Hi everyone,
I want to apply an affine transform to a 2D image based on its estimated depth map. That means if I shift the image to the right, objects that are close should be shifted more than objects in the background. The same goes for a zoom by scaling.
Unfortunately, I can’t get it to work correctly at the moment.
So what I have is an image of shape (512, 512, 3) and a depth map of shape (512, 512).
How I see it should be done:
- Construct an affine transform X, e.g. with Kornia
kornia.geometry.transform.get_projective_transform
- Construct a flow field using
torch.nn.functional.affine_grid
- Apply the flow field using
torch.nn.functional.grid_sample
My initial idea was to multiply the flow field with the depth map. But I realized that this way an identity transform would also be morphed by the depth map. So I tried taking the difference of the affine and identity transform flow fields after having scaled both by the depth map.
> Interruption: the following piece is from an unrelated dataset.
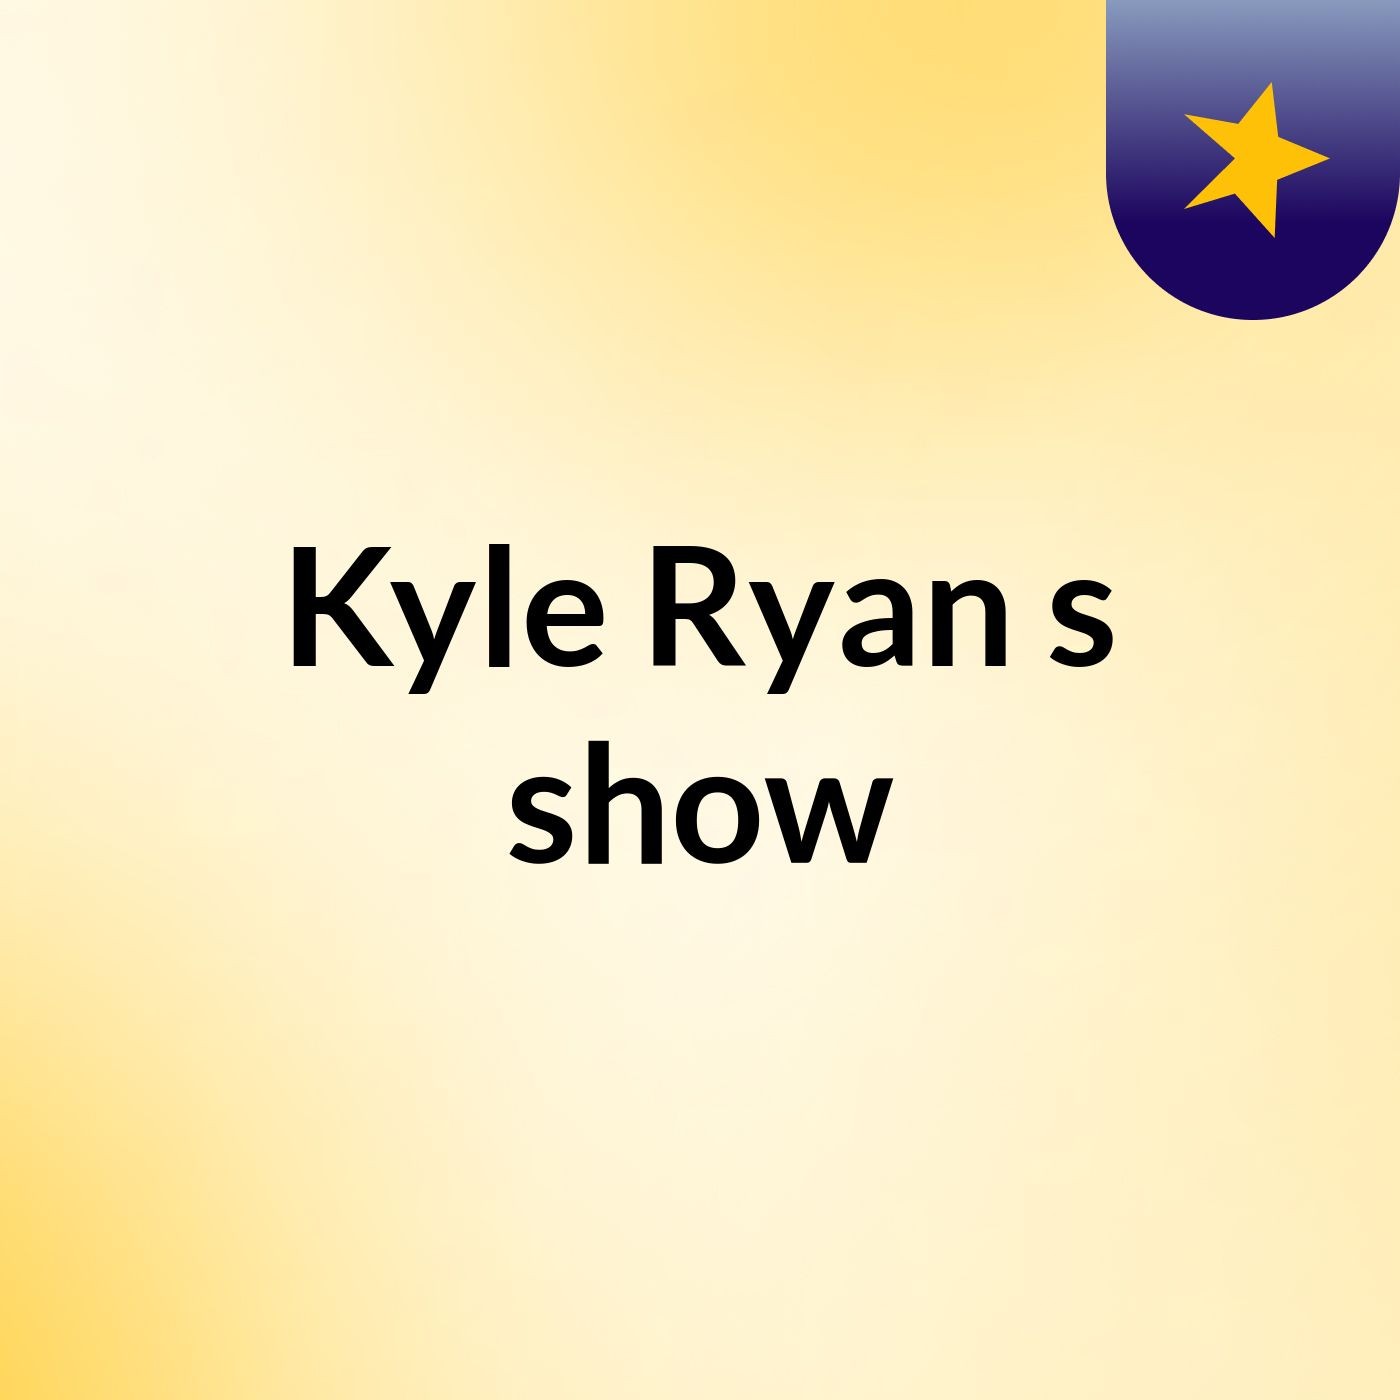 Kyle Ryan's show

For some reason, this does not work out…
Here’s what I have so far:
# Load the image and depth map
from PIL import Image
img_path = "test.png"
depth_path = "test_depth.png"
img = torch.tensor(np.array(Image.open(img_path)).permute(2, 0, 1).float() / 255
depth = np.array(Image.open(depth_path)).astype(np.float32) / 255
# identity matrix and flow field
identity_matrix = kornia.geometry.transform.get_projective_transform(center=torch.tensor([[0.5, 0.5, 0.5]]),
angles=torch.tensor([[0., 0., 0.]]),
scales=torch.tensor([[1.0, 1.0, 1.0]]),) # 3D all
h, w, = 512, 512
coords_3d_identity = torch.nn.functional.affine_grid(identity_matrix, [1, 1, 1,h,w], align_corners=False)
coords_2d_identity = coords_3d_identity[..., :2]
# 3D matrix and affine transform flow field - zoom in by 50%
matrix = kornia.geometry.transform.get_projective_transform(center=torch.tensor([[0.5, 0.5, 0.5]]),
angles=torch.tensor([[0., 0., 0.]]),
scales=torch.tensor([[1.0, 1.0, 1.5]]),) # 3D all
coords_3d = torch.nn.functional.affine_grid(matrix,
[1, 1, 1, h, w],
align_corners=False)
coords_2d = coords_3d[..., 1:3]
# apply depth to flow fields
matched_depth = torch.tensor(depth).unsqueeze(-1).repeat(1, 1, 2).unsqueeze(0).unsqueeze(0)
multiplied_identity_field = coords_2d_identity * matched_depth
multiplied_transform_field = coords_2d * matched_depth
diff_field = multiplied_transform_field - multiplied_identity_field
img_transformed = F.grid_sample(img.unsqueeze(0),
(diff_field.squeeze(0),
padding_mode="zeros", #reflection
align_corners=False)